Swedes back HER projectJanuary 2010
The Swedish government has stepped in with $1million to expand a global corporate programme that helps factories in the developing world provide healthcare advice and facilities for female employees.
The money will be used to support the HER Project, an initiative run by US-based Business for Social Responsibility (BSR) in conjunction with a number of multinationals.
At present the two-year-old programme helps 40,000 women in 30 factories in six countries – China, Egypt, India, Mexico, Pakistan, and Vietnam. The Swedish cash will go to improve these programmes and to launch new initiatives in Bangladesh and either Kenya or Tanzania, allowing the project to reach 200,000 women in at least 75 factories and farms.

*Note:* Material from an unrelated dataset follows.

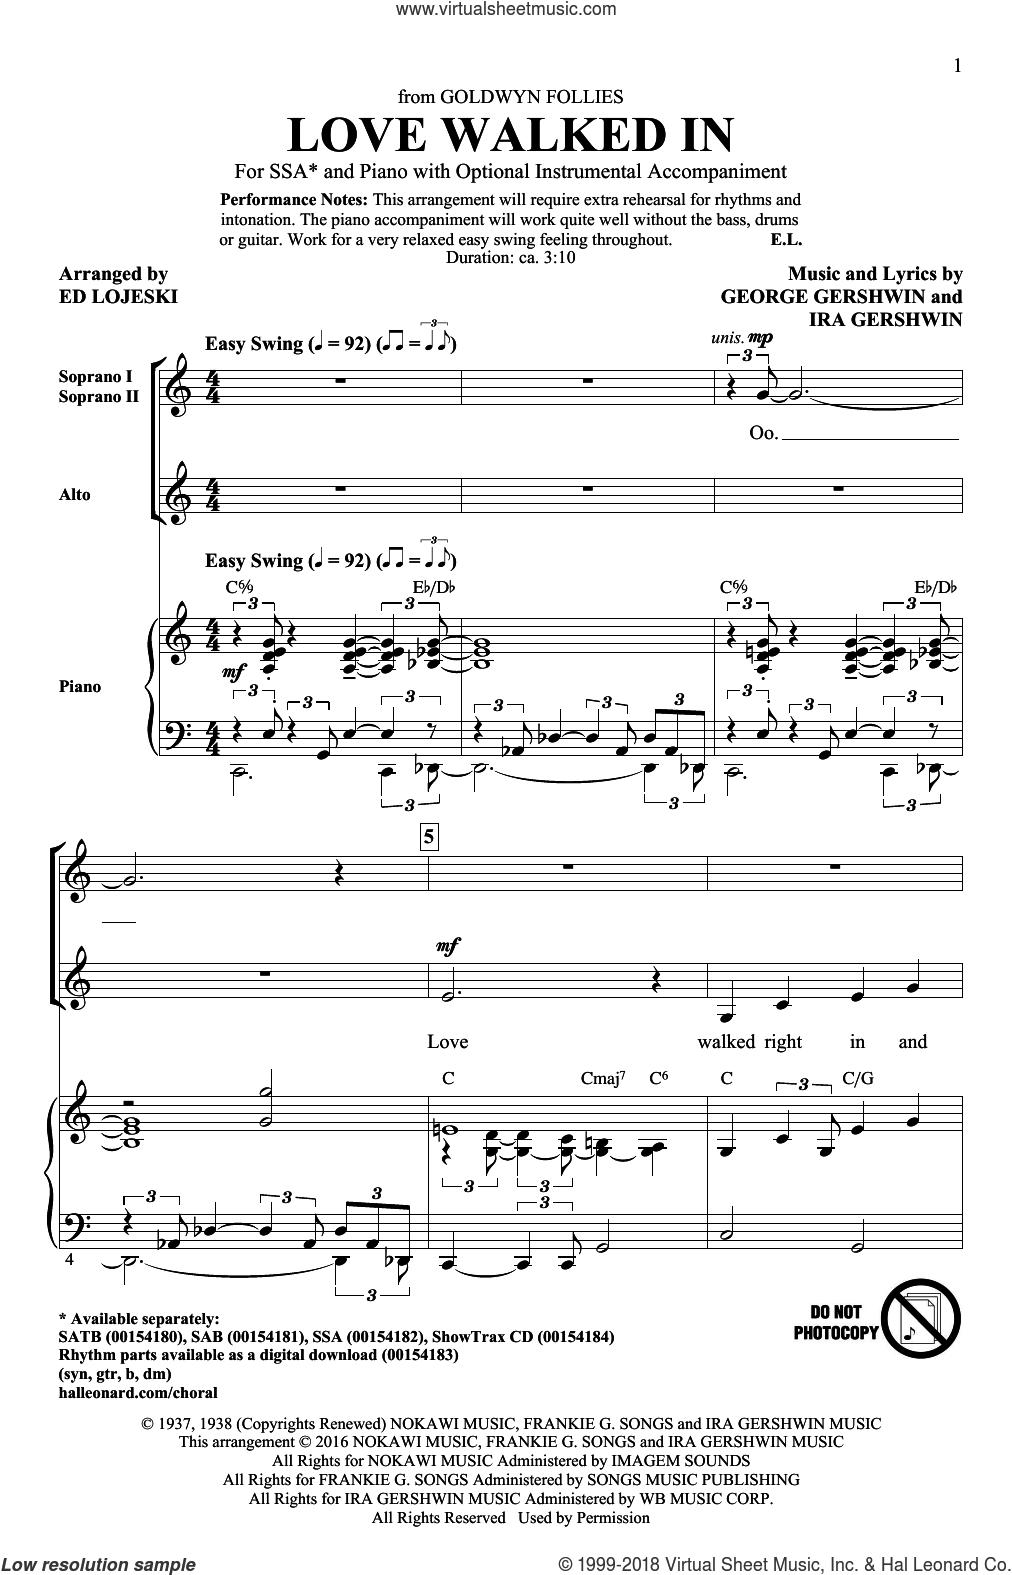 Love Walked In sheet music for choir (SSA: soprano, alto) by George Gershwin, Ed Lojeski and Ira Gershwin, intermediate skill level

Under the project, multinational companies such as Abercrombie & Fitch, Clarks, Columbia Sportswear, HP, Levi Strauss, Nordstrom, and Timberland work with suppliers and local NGOs to promote better health through workplace training programmes and healthcare services. The extension of the programme into Bangladesh will focus mainly on the garment sector, where 80 per cent of workers are female, and in east Africa on the agricultural and horticultural sector, where women account for around 70 per cent of the workforce.
According to an early study of the project’s benefits, factories that take part have reaped a return of $3 for every $1 invested in women’s health training and services, mainly through improved productivity and reduced absenteeism.
BSR will be recruiting new companies to join the project over the next few months.
The Swedish funding complements longstanding support from the David and Lucile Packard Foundation and the Levi Strauss Foundation. It is being channelled through the Swedish International Development Cooperation Agency, which seeks to support and create cross-sector partnerships that aid development.
In a separate move, BSR has begun to help the government of El Salvador develop a corporate responsibility programme based around improving labour practices.
BSR has recommended a number of measures, including the introduction of fiscal incentives, tax breaks and tariff exemptions for companies that implement responsible labour practices.
Other suggestions include information-sharing on CSR through a centralized data management system, reviewing laws and regulations, and creating a strategy for establishing a public policy framework on good labour relations.
BSR has made the recommendations as part of a US government-funded project on responsible labour practices in Central America. It has offered similar advice to other Central American governments, including in Costa Rica, Honduras and Nicaragua.
The Salvadorean administration hopes improvements on the CSR front will help the country’s competitiveness by bringing in foreign investment.
El Salvador has yet to ratify certain International Labour Organization conventions, such as on freedom of association and collective bargaining.